Halina i Benedykt Galiccy
Pani Halina i pan Benedykt poznali się w miejscowości Bogate, w dawnym województwie warszawskim. Do Raciborza trafili za mieszkaniem i pracą. Oboje pracowali w Rafako. Małżeństwo ma jednego syna. Państwo Galiccy doczekali się także dwóch wnuczek. Zdaniem jubilatów najlepszą receptą na długie małżeństwo jest wzajemna cierpliwość do siebie nawzajem.

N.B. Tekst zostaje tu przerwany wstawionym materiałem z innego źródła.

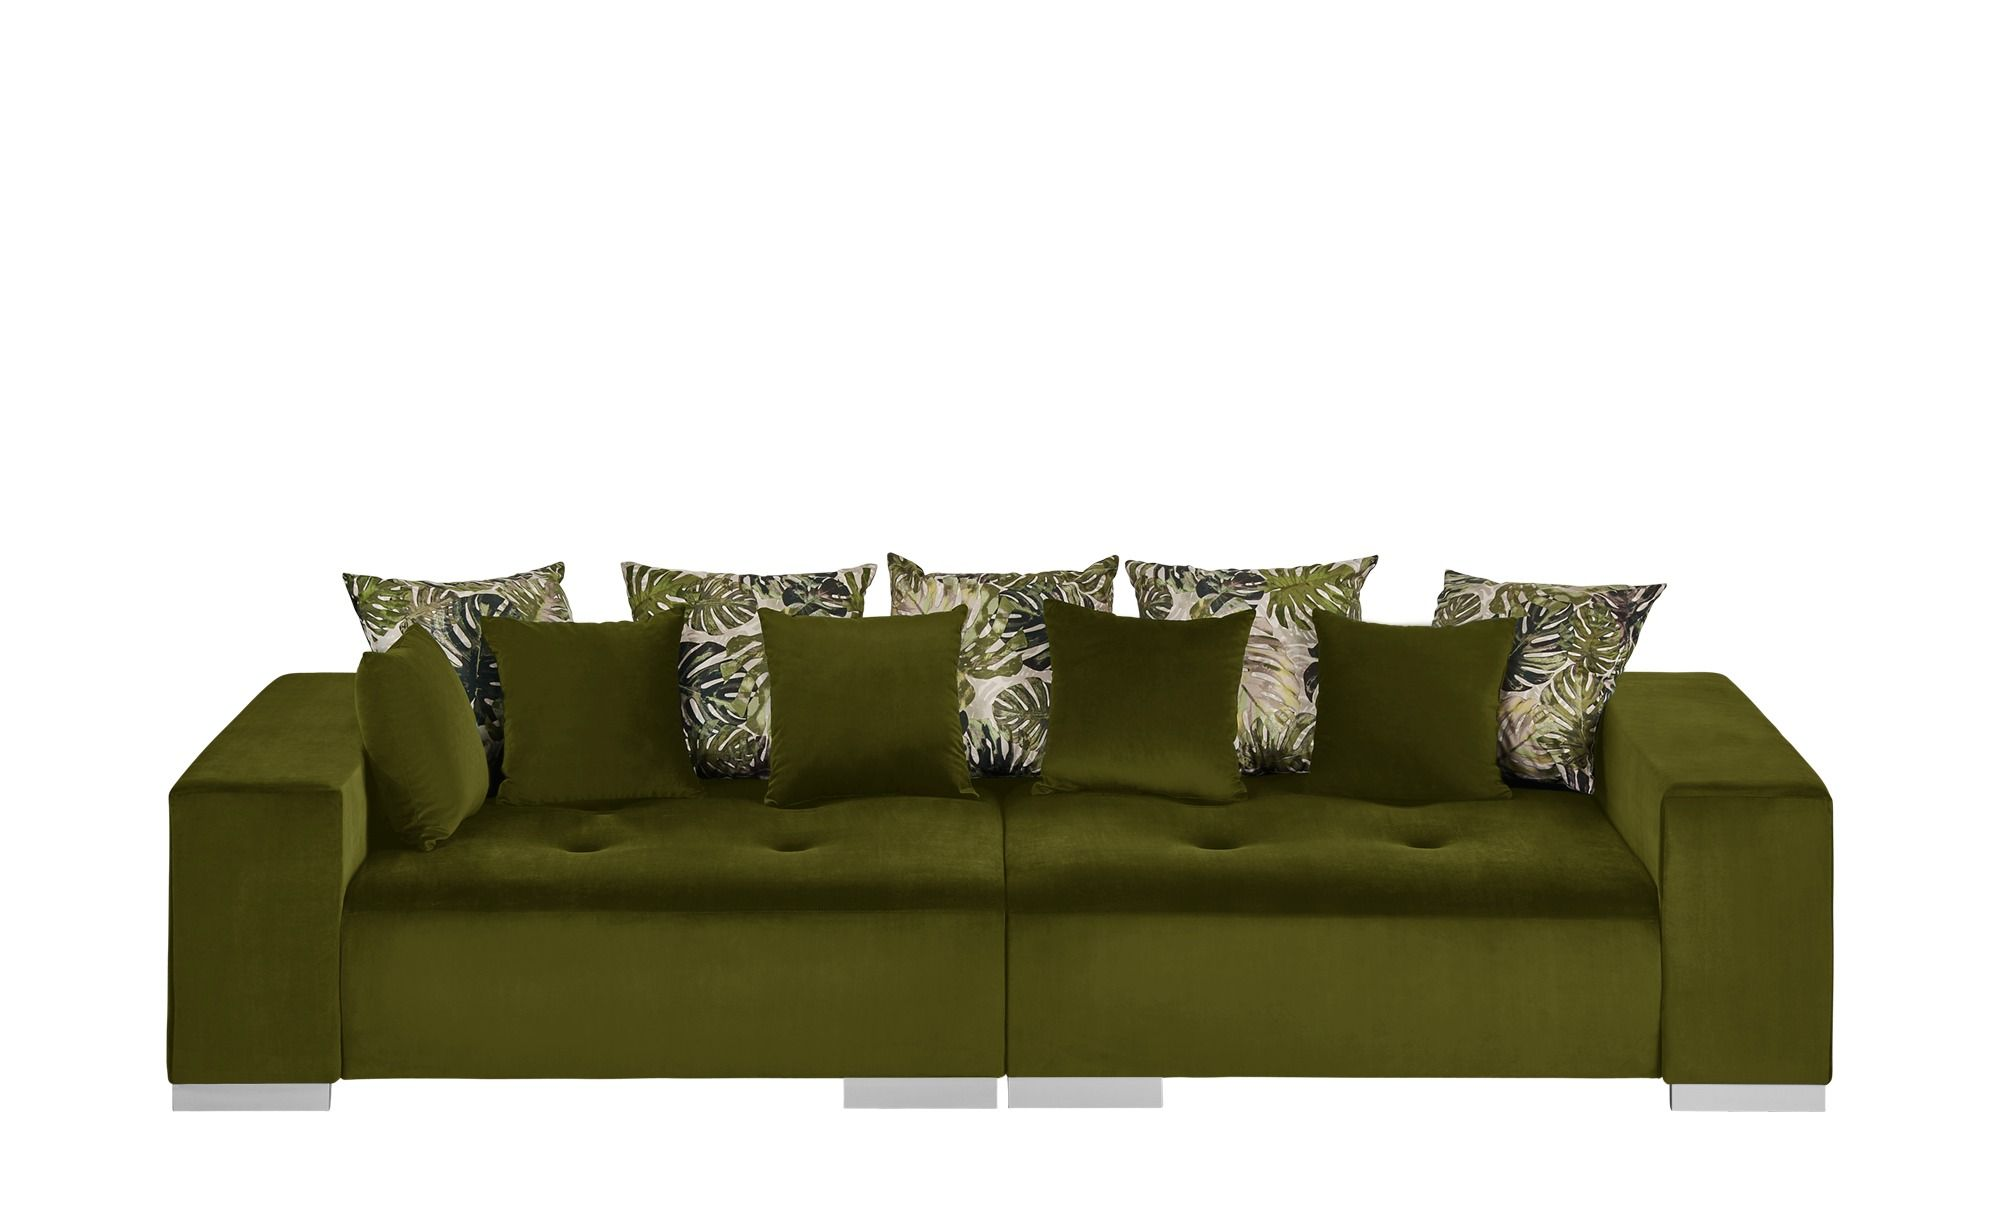 Switch Big Sofa Grun Mikrofaser Kim Grun Hoffner Grosse Sofas Sofa Billig Grunes Sofa

Jadwiga i Franciszek Kokora
Oboje działali w Związku Młodzieży Polskiej, który tak naprawdę ich połączył. Poznali się bowiem na jednym z zebrań ZMP. Państwo Kokora do Raciborza przyjechali z Trzebnicy. Po przeprowadzce do Raciborza pan Franciszek pracował jako maszynista, wpierw na parowozach, a następnie na elektrowozach. Pani Jadwiga pracowała natomiast w przedszkolu, a następnie na kolei. Małżeństwo doczekało się dwóch synów. Mają także troje wnucząt. – Trzeba sobie wzajemnie wybaczać, bo nie zawsze jest kolorowo. Raz na wozie, raz pod wozem, ale najważniejsze, by trwać razem i ciągle ten wóz pchać do przodu – stwierdziła pani Jadwiga zapytana o receptę na długie małżeństwo.
Wanda i Ginter Polaczkowie
Pani Wanda pochodzi w Wielunia natomiast pan Ginter z Rudnika. Poznali się na zabawie tanecznej. Z zawodu pani Wanda jest kucharką, z kolei pan Ginter cieślą. Jako uczeń uczęszczał do raciborskiej Budowlanki. Swe zawodowe życie poświęcił branży budowlanej. Małżeństwo doczekało się trójki dzieci – dwóch córek i syna. Mają także pięcioro wnucząt. Zdaniem jubilatów receptą na długie małżeństwo jest wzajemna zgoda i wybaczenie. – Nie zawsze przecież świeci słońce – stwierdziła pani Wanda.